Iceberg, Governance, and the Trust Layer: Tristan Handy and Salma Bakouk at Signals25

If you missed it live, the rewind is available here. What follows is our take on the conversation, with the moments that stuck.

Apache Iceberg: the promise, and the fine print

Salma opened by asking Tristan to reintroduce Apache Iceberg to the audience, given that the topic has gone from niche to inescapable in about two years. His framing was clean: instead of loading your data into a proprietary database and paying a vendor forever for the privilege of accessing it, you store data in an open table format and let any compliant compute engine read it.

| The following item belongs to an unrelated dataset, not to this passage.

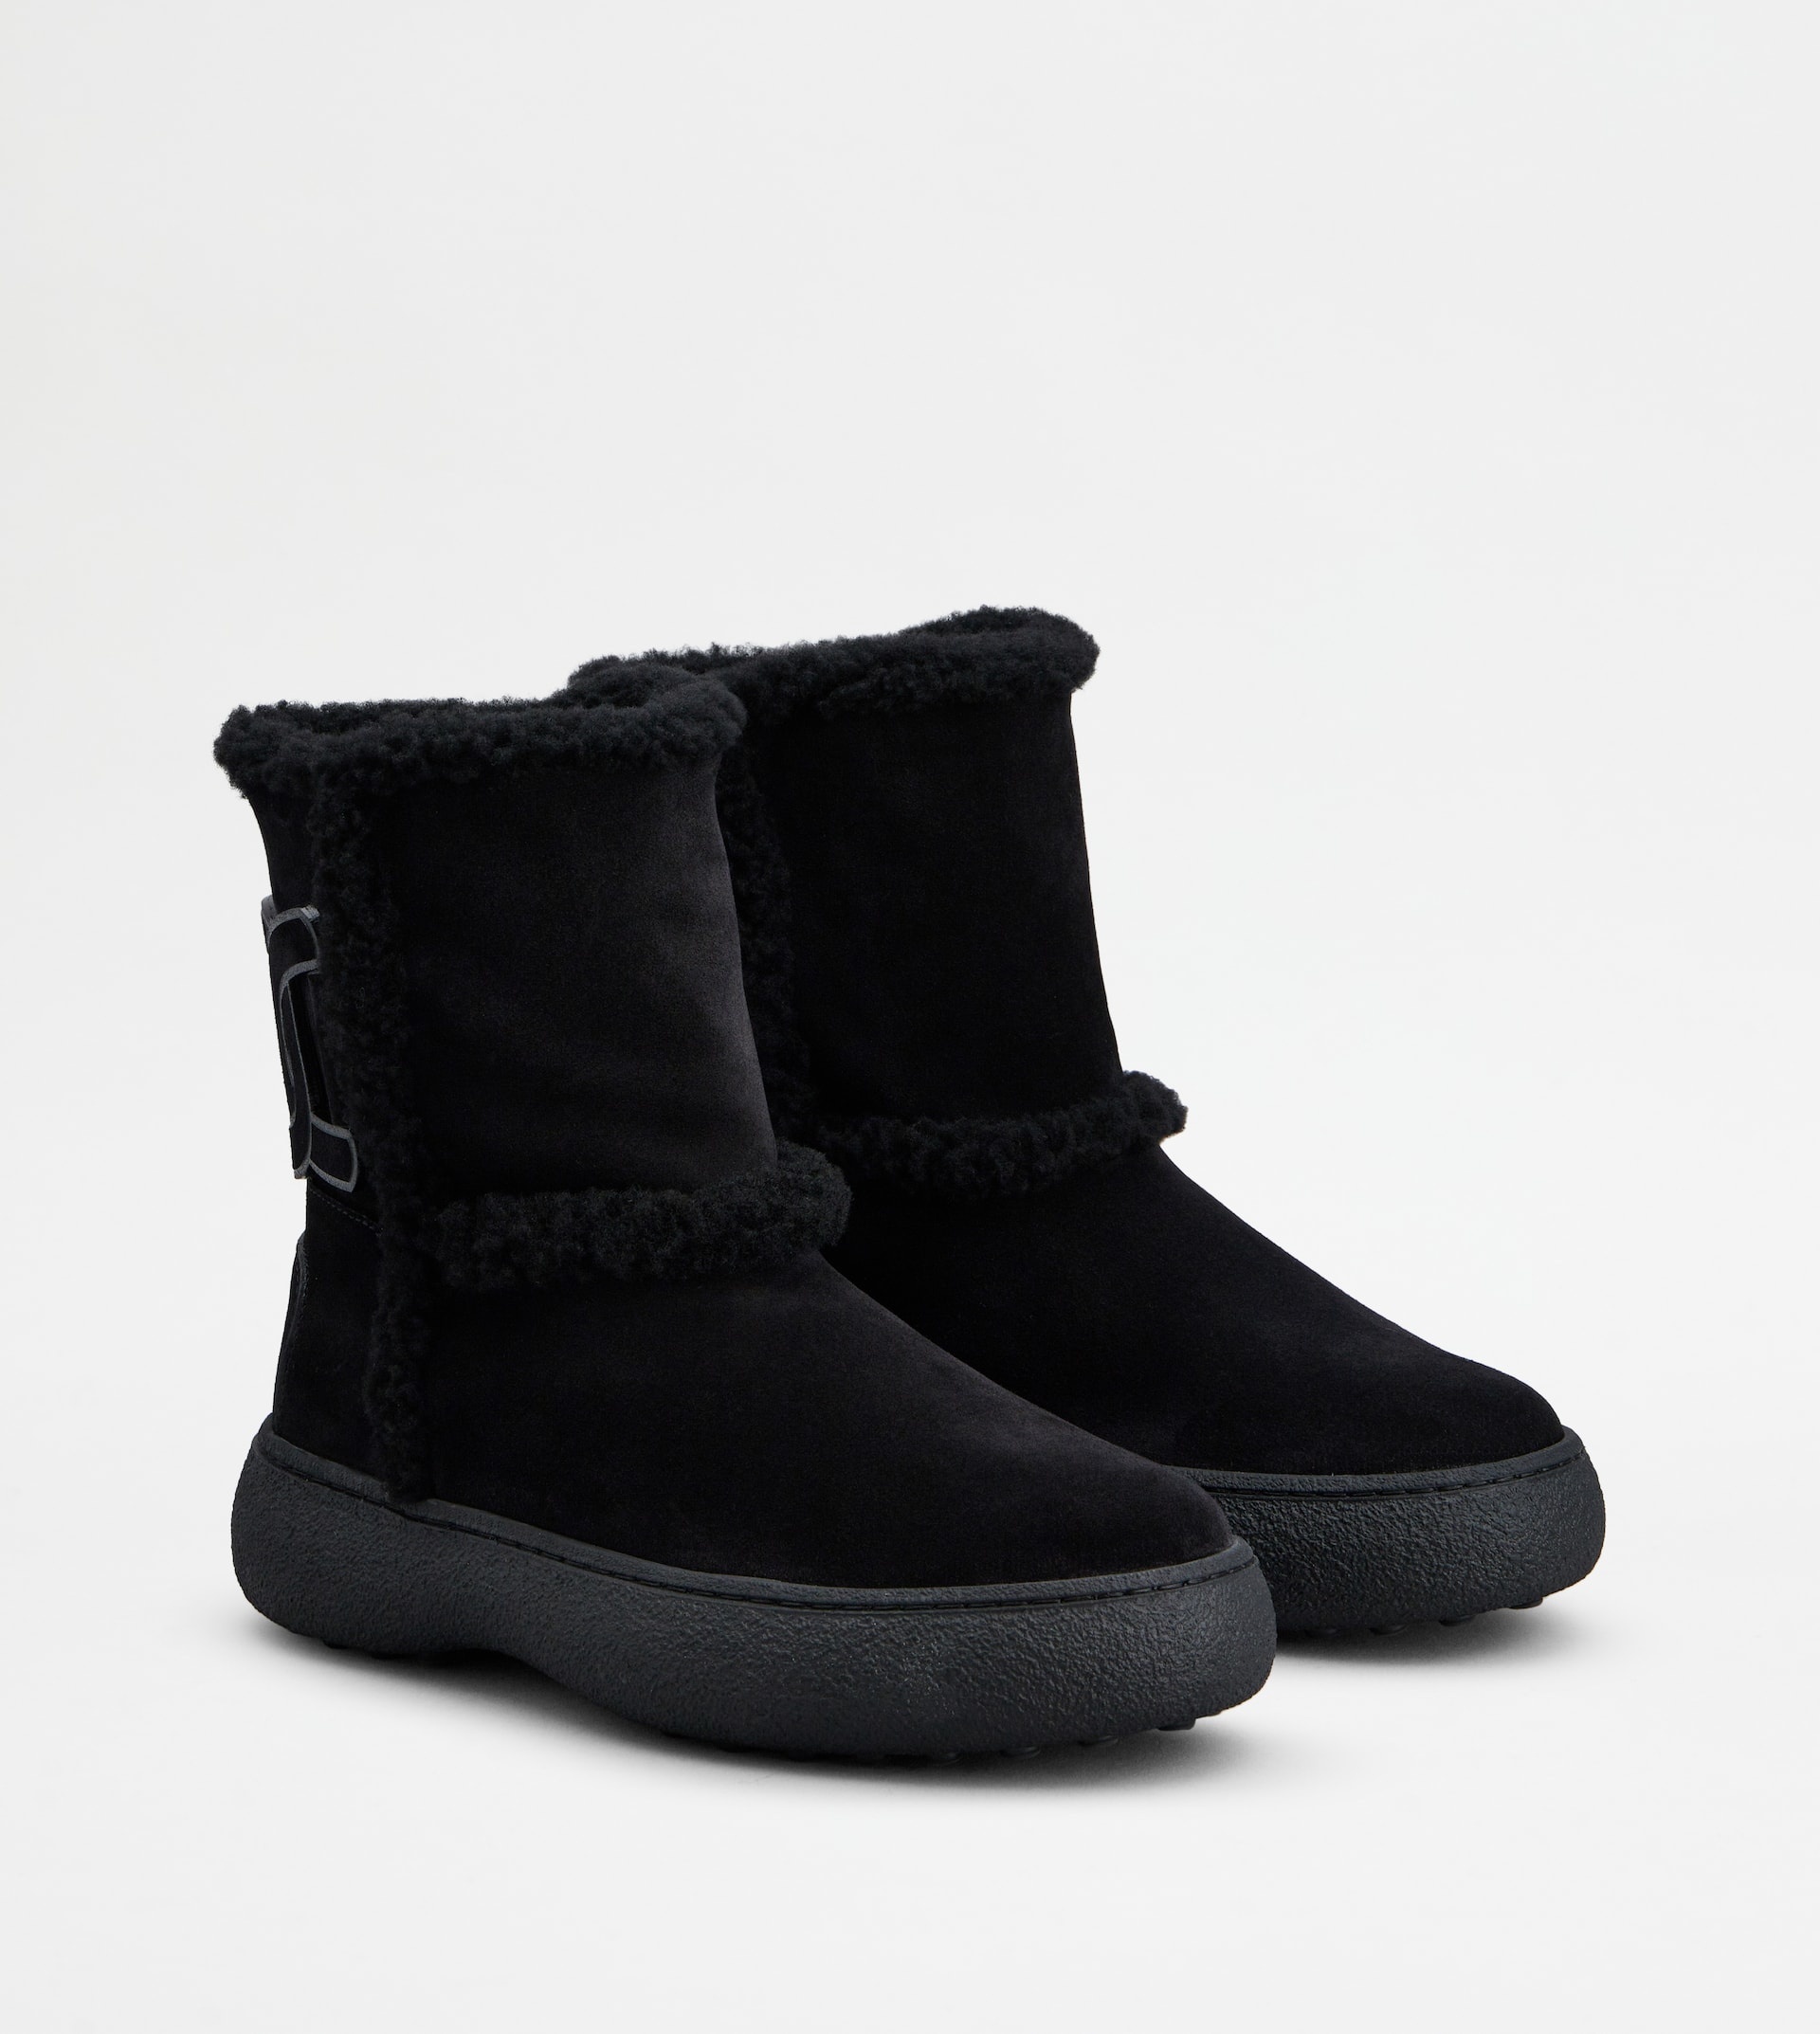 TOD'S W. G. ANKLE BOOTS IN SUEDE - BLACK - 3

True data portability, in theory.

What gave Iceberg its recent momentum was a moment Tristan described as unexpectedly decisive:

"Both within a week of each other, both CEOs were on stage saying we're all in on Iceberg and may the best engine win. I don't know what made that happen, but I think it is one of the most foundational things to happen in the data processing world in many decades."

That convergence from Snowflake and Databricks did not happen by accident. Tristan's read: the largest enterprise customers demanded it. The vendors followed.

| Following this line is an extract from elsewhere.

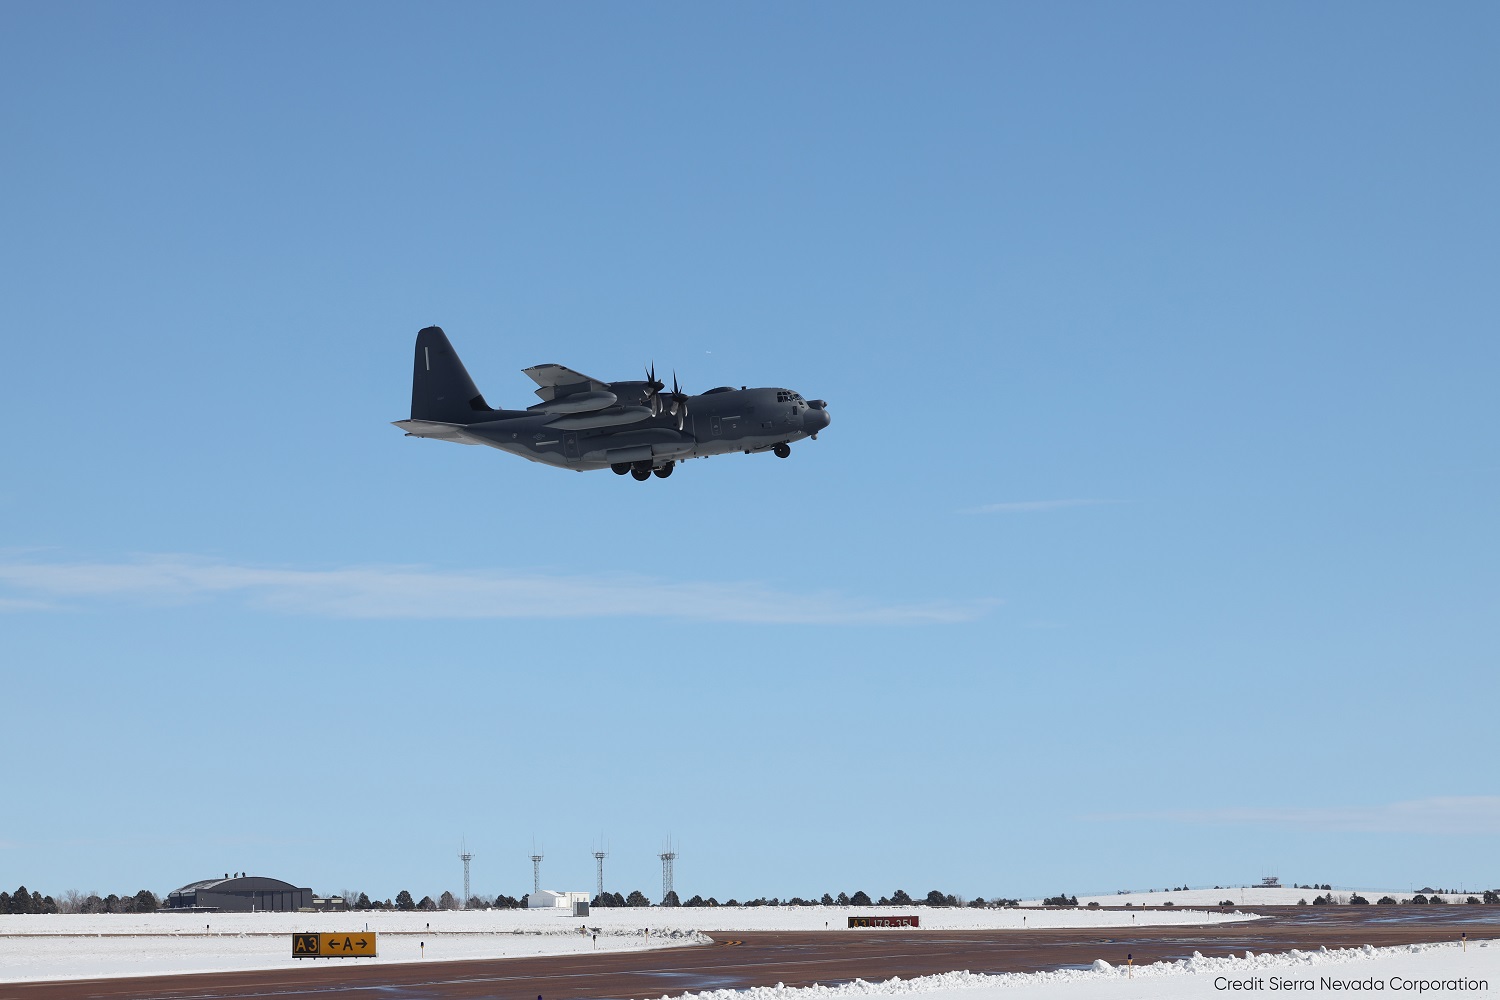 Sierra Nevada Corporation Delivers First AbMN-Modified MC-130J to AFSOC

Salma pushed back immediately, and it was the right push. She raised Hadoop: same promise, same language around openness and interoperability, same energy. We all know how that ended. Is Iceberg different, or just better-funded?

Tristan's answer was that the cloud changes the calculus entirely. Hadoop was complex to own and operate. Running it yourself required serious infrastructure and serious people. Iceberg lives on S3 or GCS, catalog management is handled by a vendor or managed service, and the easy buttons exist now in a way they simply did not in 2008.

That said, Iceberg is not a free ride from a reliability standpoint. When metadata becomes the source of truth, traditional monitoring misses the gaps entirely. Sifflet has written in detail about what it actually takes to close the Iceberg observability gap, and why active metadata observability becomes the architectural requirement that holds an open data stack together.

The vendor velocity trap: you're still locked in, just differently

This is where the conversation got genuinely sharp. Salma named the elephant in the room: every vendor now has an Iceberg story, but they are not moving at the same speed. Snowflake has invested aggressively. BigQuery, at the time of the session, was still largely read-only on external Iceberg tables. The gap in feature completeness means that in practice, customers end up defaulting to whoever moved fastest because that is where their use cases are actually supported.

The irony is real. Iceberg was supposed to liberate enterprises from vendor lock-in. Instead, as Salma put it, customers risk a new kind of trap:

"You are still gonna be locked in to the vendor that moves fastest. I call it future velocity lock-in, for lack of better words."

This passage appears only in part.